In this notebook, we will explore how to use Databricks AutoML to generate the best notebooks to predict our patient readmission risk and deploy our model in production.

Databricks AutoML allows you to quickly generate baseline models and notebooks. 

ML experts can accelerate their workflow by fast-forwarding through the usual trial-and-error and focus on customizations using their domain knowledge, and citizen data scientists can quickly achieve usable results with a low-code approach.

In [0]:
dbutils.widgets.text("catalog", "", "Catalog")
dbutils.widgets.text("schema", "", "Schema")

In [0]:
from pyspark.sql import SparkSession
spark: SparkSession

catalog = dbutils.widgets.get("catalog")
schema = dbutils.widgets.get("schema")

spark.sql(f"USE `{catalog}`.`{schema}`")

DataFrame[]

In [0]:
import mlflow
mlflow.set_registry_uri("databricks-uc")

### Getting our training dataset 

Let's use the our training dataset determinining the readmission after 30 days for all our population. We will use that as our training label and what we want our model to predict.

In [0]:
training_dataset = spark.sql(f"""
                      SELECT 
                      b.*
                      , a.claim_amount
                      FROM ddavis_hls_sql.ai.training_patient_claims a 
                      INNER JOIN ddavis_hls_sql.ai.feature_beneficiary b ON a.beneficiary_code = b.beneficiary_code
                      """)

training_dataset.write.mode("overwrite").saveAsTable("ddavis_hls_sql.ai.training_dataset")

display(training_dataset)

beneficiary_code,date_of_birth,date_of_death,gender,race,esrd_flag,state,county_code,heart_failure_flag,cronic_kidney_disease_flag,cancer_flag,copd_flag,depression_flag,diabetes_flag,ischemic_heart_disease_flag,osteoporosis_flag,asrheumatoid_arthritis_flag,stroke_transient_ischemic_attack_flag,claim_amount
FF54A63FA55F5556,1954-03-01,,Male,Black,No,WA,220,No,No,No,No,Yes,No,No,No,No,No,13940.0
FF5FA9DFBDCB7632,1926-01-01,,Female,White,Yes,MD,150,Yes,Yes,Yes,Yes,No,Yes,Yes,No,Yes,No,47150.0
FFB3ECE3201A4722,1954-12-01,,Female,Black,No,VA,921,No,No,No,No,No,Yes,No,No,No,No,5020.0
FFF58E99961D73D2,1932-12-01,,Female,White,Yes,CO,340,Yes,No,No,No,No,No,No,No,No,No,1000.0
000DFFF54425C08E,1943-10-01,,Female,White,No,IN,880,Yes,No,No,Yes,No,No,Yes,No,No,No,28500.0
0019EF0547183BF0,1945-12-01,2010-02-01,Male,White,No,LA,250,No,Yes,No,No,Yes,Yes,Yes,No,No,No,90860.0
0023288365A51F33,1949-05-01,,Female,White,No,MA,20,Yes,No,No,No,No,No,No,No,No,No,38000.0
0027B2294564172E,1925-05-01,,Female,White,No,AR,650,Yes,No,No,No,No,Yes,No,No,Yes,No,21580.0
00398D4814D4CBD9,1935-07-01,,Male,White,No,NJ,160,Yes,No,No,Yes,No,No,Yes,No,No,No,9230.0
003D116838833B5A,1924-02-01,2010-05-01,Male,Others,No,CA,200,No,No,No,No,No,No,No,No,No,No,7520.0


### Define what features to look up for our model

Let's only keep the relevant features for our model training.
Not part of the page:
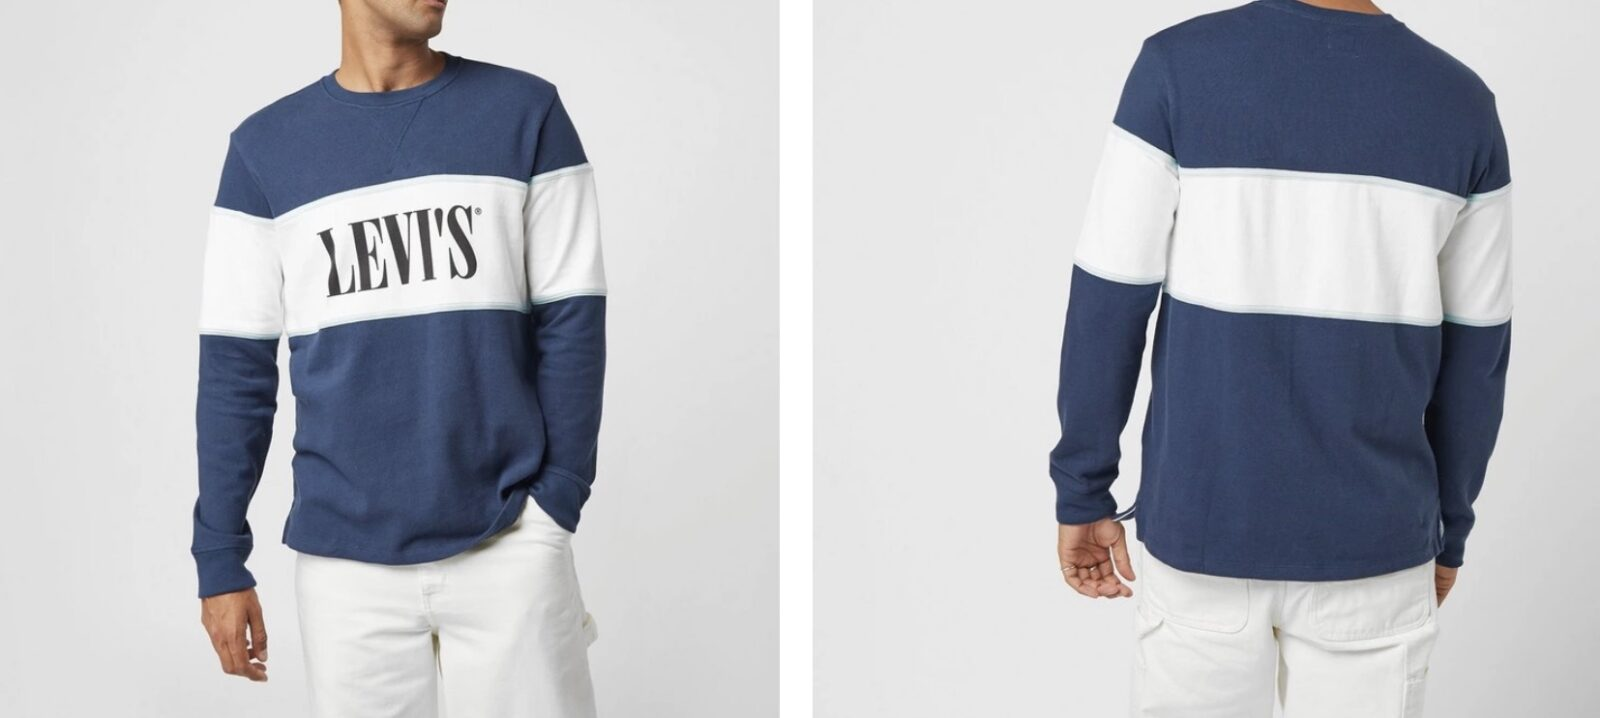 Levi's Block Sweatshirt White Blue
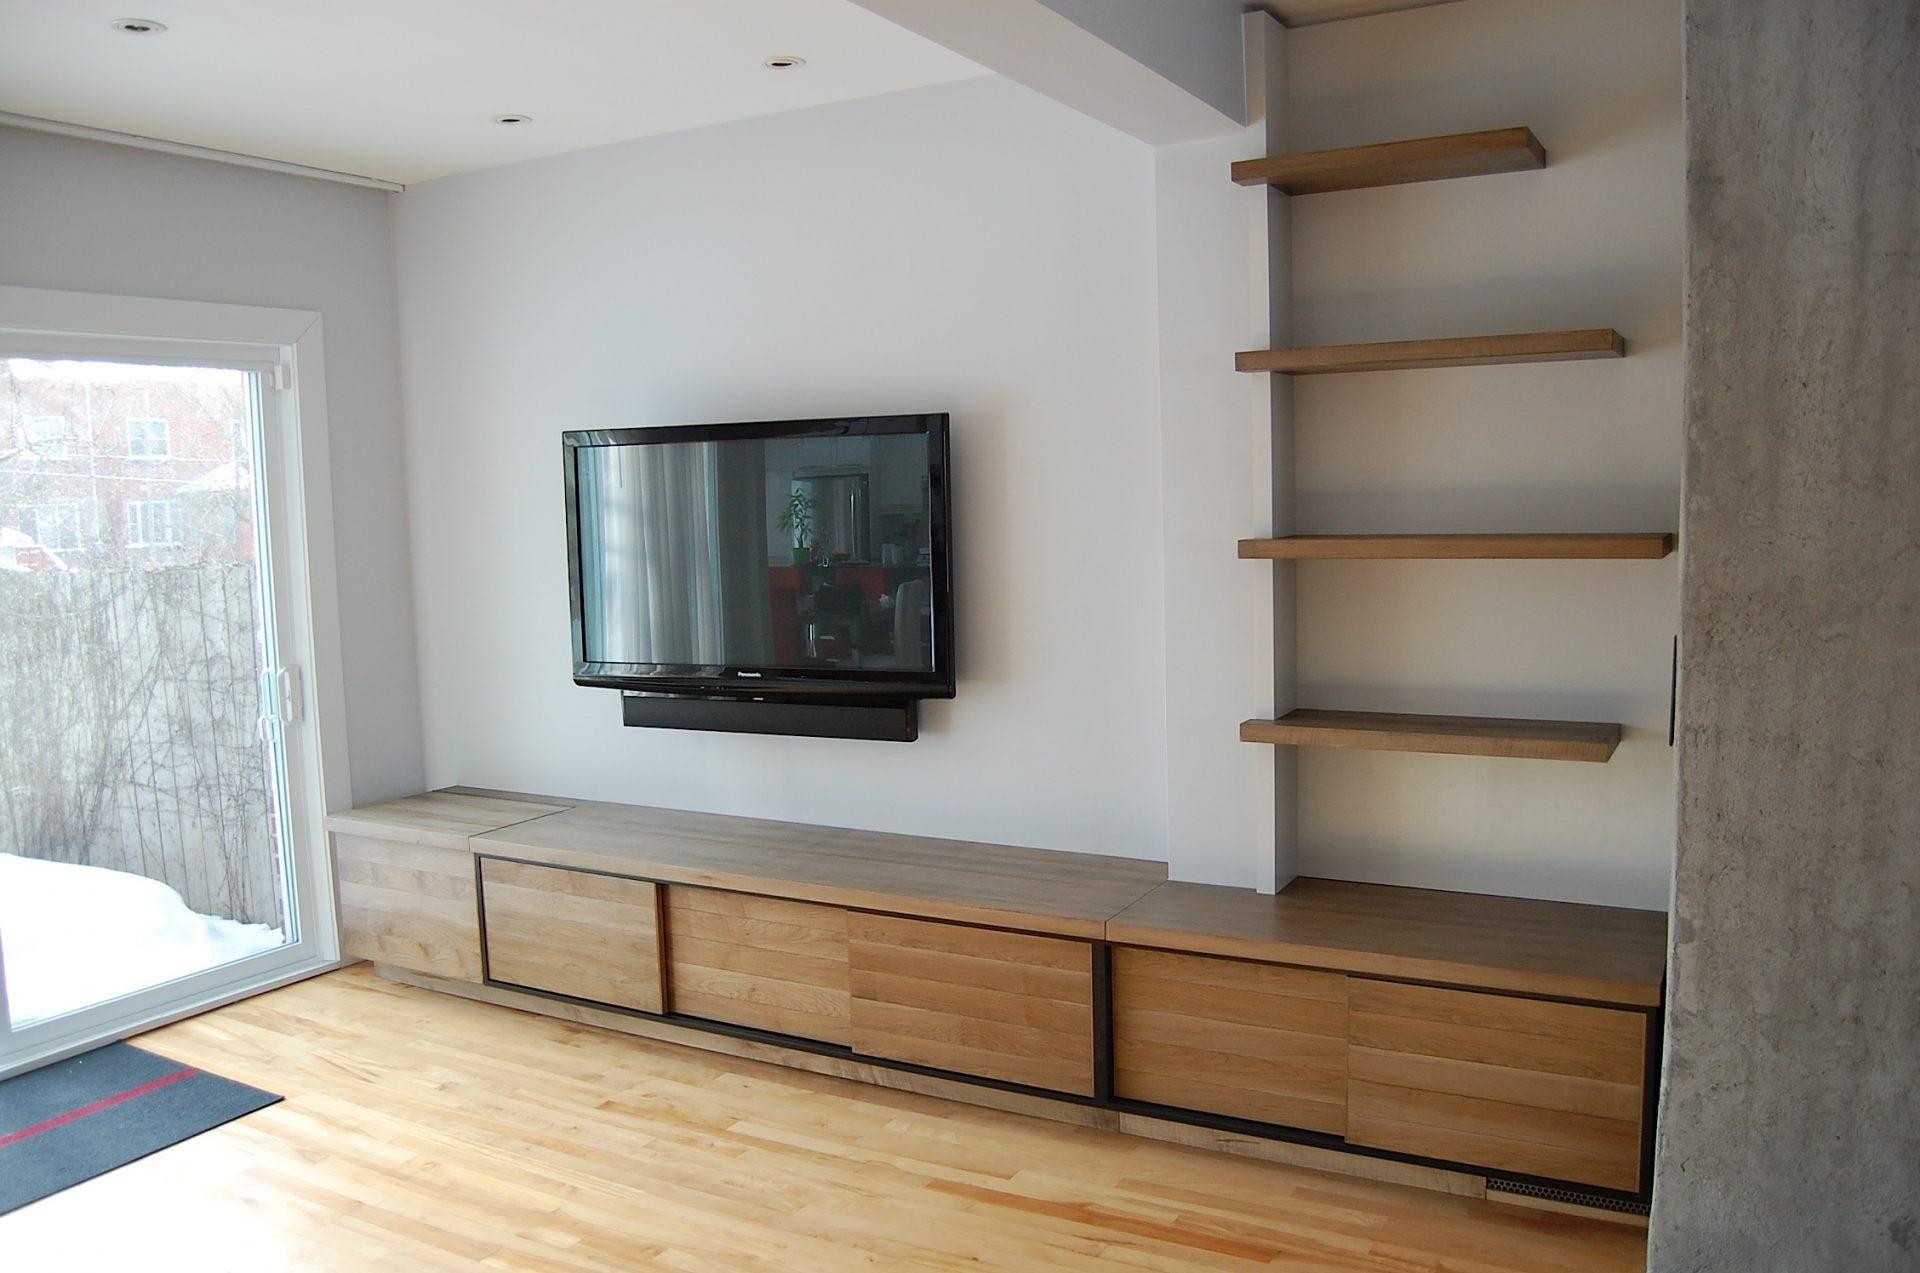 meubles salon design sur mesure jpg 2 matpel. Black Bedroom Furniture Sets. Home Design Ideas

We are removing columns such as `SSN` or `IDs`.

This step could also be done selecting the training_dataset table from the UI and selecting the column of interest.

*Note: this could also be retrived from our Feature Store tables. For more details on that open the companion notebook.*

In [0]:
all_columns = training_dataset.columns
feature_names = ["race", "date_of_birth", "stroke_transient_ischemic_attack_flag", "cronic_kidney_disease_flag", "esrd_flag", "county_code", "diabetes_flag", "cancer_flag", "state", "copd_flag", "gender", "heart_failure_flag", "asrheumatoid_arthritis_flag", "depression_flag", "date_of_death", "ischemic_heart_disease_flag", "osteoporosis_flag"]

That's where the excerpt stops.